Top of ENTRIES SHOWN

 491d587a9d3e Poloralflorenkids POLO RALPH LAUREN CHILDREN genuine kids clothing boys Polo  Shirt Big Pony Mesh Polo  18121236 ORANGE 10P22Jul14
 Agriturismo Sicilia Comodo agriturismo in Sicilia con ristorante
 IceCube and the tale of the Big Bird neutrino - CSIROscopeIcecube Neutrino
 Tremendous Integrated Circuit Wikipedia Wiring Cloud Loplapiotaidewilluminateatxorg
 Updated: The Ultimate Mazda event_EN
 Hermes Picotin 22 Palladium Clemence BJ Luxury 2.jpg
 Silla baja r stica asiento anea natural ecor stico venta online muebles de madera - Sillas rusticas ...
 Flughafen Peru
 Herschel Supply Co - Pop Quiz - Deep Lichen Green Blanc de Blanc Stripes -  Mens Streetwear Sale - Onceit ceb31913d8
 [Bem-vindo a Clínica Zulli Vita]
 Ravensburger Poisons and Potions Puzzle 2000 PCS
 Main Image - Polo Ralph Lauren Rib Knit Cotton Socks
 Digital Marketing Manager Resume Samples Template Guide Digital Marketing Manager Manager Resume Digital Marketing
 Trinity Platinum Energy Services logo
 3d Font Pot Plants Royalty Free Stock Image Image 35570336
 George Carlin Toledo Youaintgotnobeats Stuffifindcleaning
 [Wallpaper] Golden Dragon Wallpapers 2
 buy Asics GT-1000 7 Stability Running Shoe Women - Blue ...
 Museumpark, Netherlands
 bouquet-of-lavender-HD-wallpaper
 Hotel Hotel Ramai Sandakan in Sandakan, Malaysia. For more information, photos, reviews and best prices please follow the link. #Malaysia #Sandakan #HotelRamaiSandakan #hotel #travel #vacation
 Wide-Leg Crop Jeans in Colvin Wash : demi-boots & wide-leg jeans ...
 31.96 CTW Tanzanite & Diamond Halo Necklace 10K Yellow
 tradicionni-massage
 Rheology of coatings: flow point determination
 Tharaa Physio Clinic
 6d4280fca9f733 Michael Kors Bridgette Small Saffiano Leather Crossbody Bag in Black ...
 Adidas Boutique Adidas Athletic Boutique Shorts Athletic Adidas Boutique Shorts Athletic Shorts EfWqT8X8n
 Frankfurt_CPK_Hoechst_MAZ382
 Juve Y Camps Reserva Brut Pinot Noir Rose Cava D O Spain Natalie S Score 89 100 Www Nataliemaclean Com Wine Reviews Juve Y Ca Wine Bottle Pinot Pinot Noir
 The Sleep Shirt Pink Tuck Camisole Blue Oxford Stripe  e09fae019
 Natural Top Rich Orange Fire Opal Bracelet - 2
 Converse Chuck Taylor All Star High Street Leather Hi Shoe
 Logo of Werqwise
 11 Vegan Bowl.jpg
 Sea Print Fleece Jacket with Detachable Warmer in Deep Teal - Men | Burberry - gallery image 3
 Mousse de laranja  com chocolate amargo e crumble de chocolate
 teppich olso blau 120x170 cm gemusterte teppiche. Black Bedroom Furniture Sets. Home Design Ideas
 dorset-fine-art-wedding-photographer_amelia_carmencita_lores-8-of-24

Bottom of ENTRIES SHOWN

**TASK ITEM:**
Extract each line from the entries above that contains the string "Deep".

**TASK ANSWER:**
 Herschel Supply Co - Pop Quiz - Deep Lichen Green Blanc de Blanc Stripes -  Mens Streetwear Sale - Onceit ceb31913d8
 Sea Print Fleece Jacket with Detachable Warmer in Deep Teal - Men | Burberry - gallery image 3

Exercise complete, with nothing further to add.